** Opening Material for this task block **

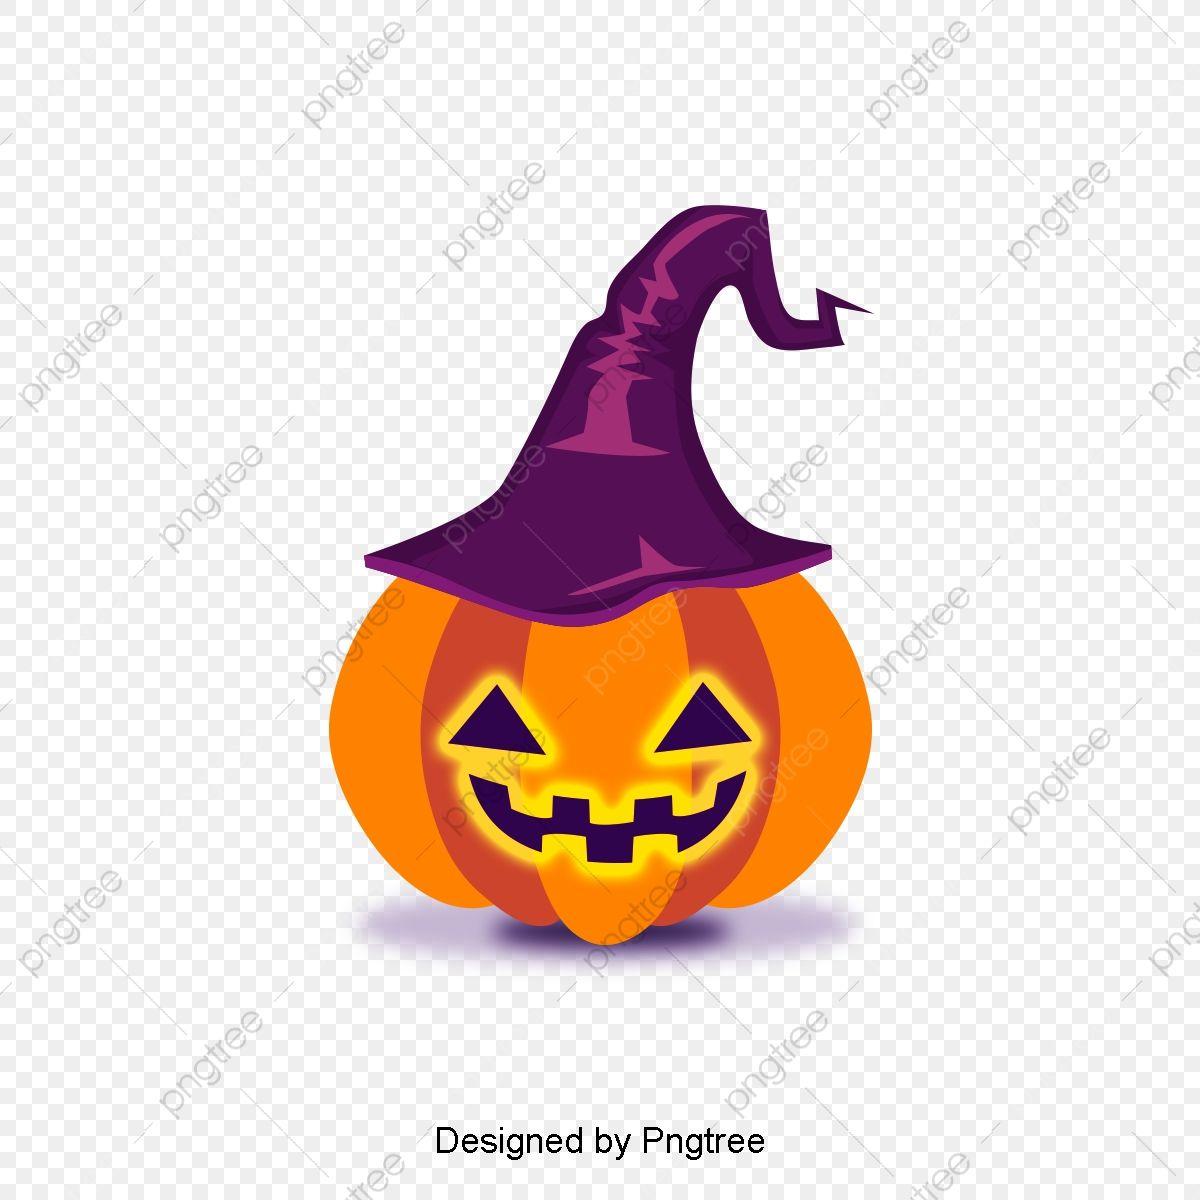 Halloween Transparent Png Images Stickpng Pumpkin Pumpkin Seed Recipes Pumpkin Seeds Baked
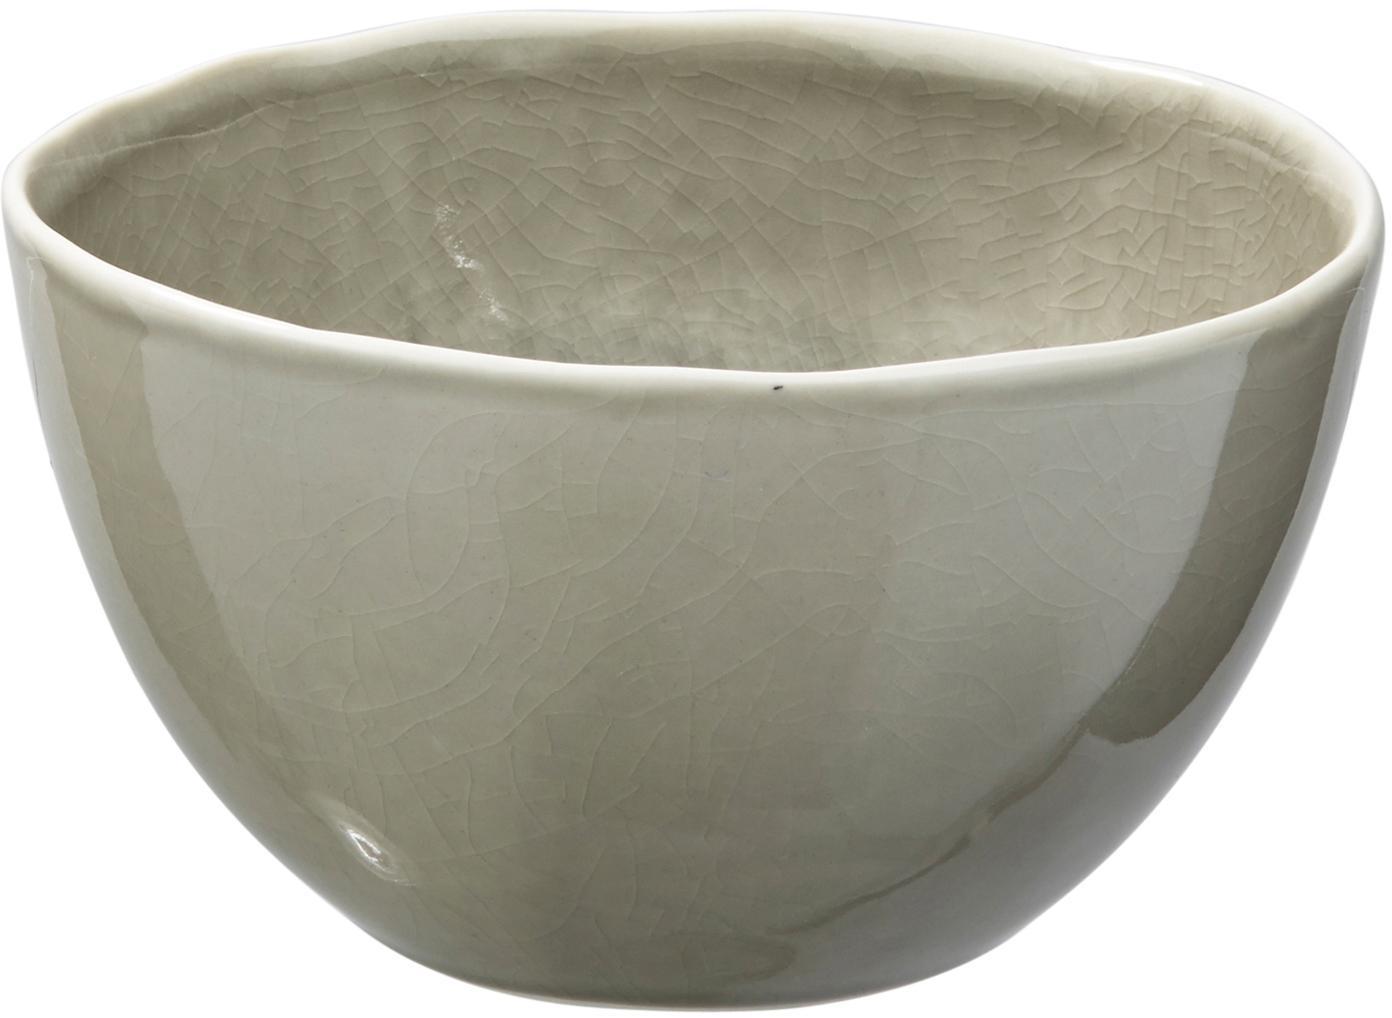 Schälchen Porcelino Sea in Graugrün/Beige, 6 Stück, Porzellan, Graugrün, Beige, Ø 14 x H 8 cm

** Closing Material for this task block **
** Opening Material for this task block **

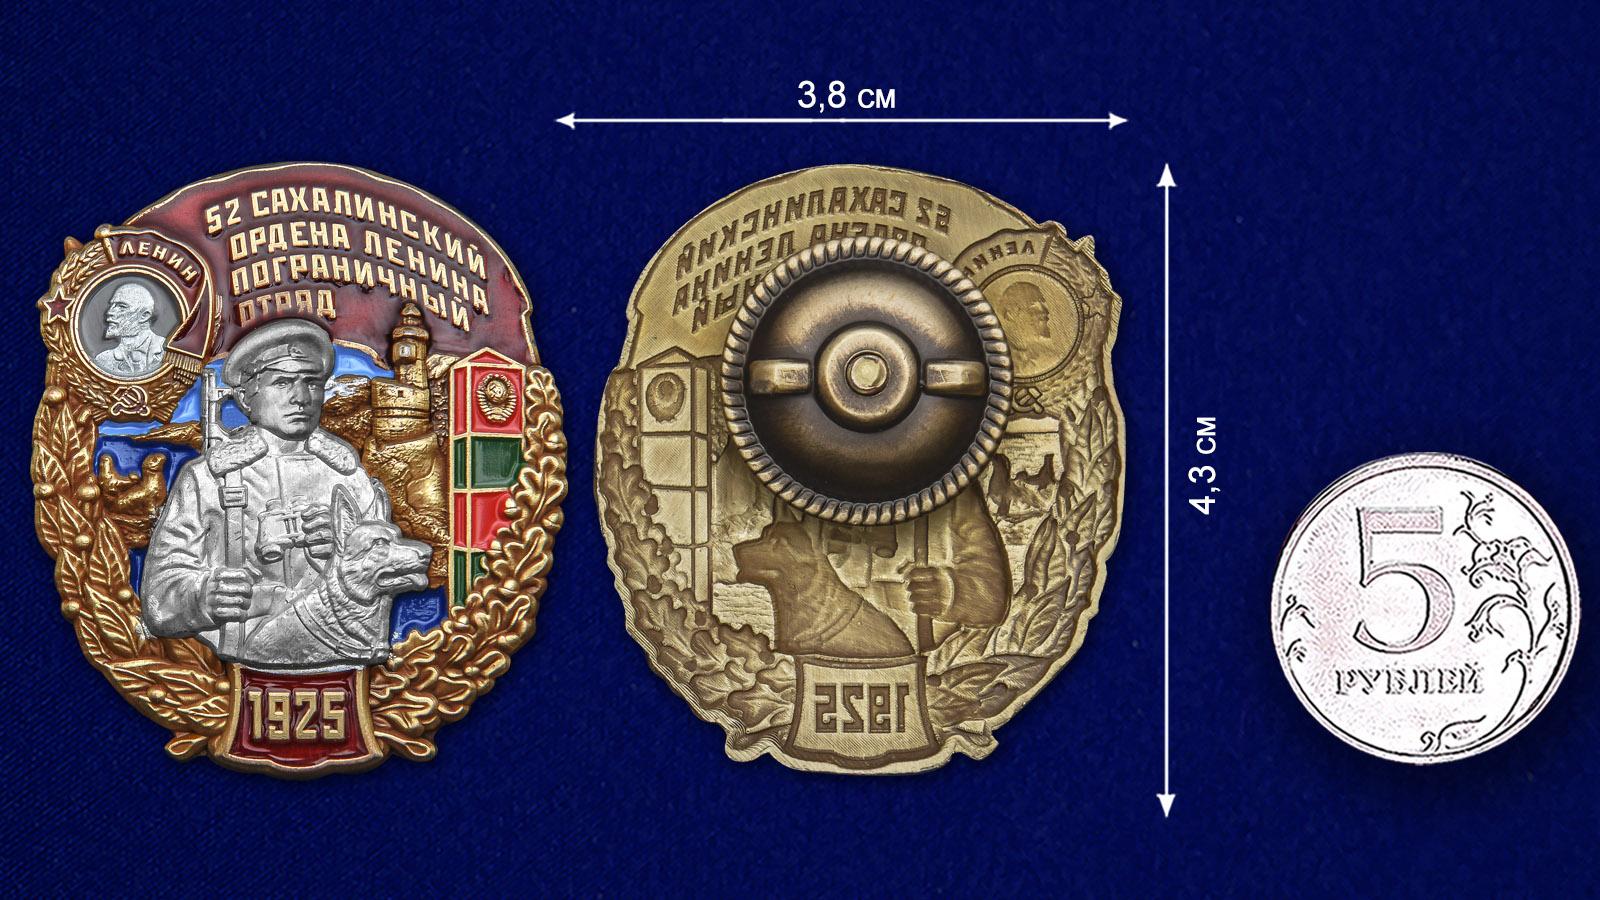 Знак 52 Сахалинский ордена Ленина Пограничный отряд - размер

** Closing Material for this task block **

> **Exercise description**
Could the stretch from the line with "Halloween Transparent Png" through the line with "Schälchen Porcelino Sea" in the listing above be restated word for word, minus the pictures?

> **Exercise solution**
 Halloween Transparent Png Images Stickpng Pumpkin Pumpkin Seed Recipes Pumpkin Seeds Baked
 Schälchen Porcelino Sea in Graugrün/Beige, 6 Stück, Porzellan, Graugrün, Beige, Ø 14 x H 8 cm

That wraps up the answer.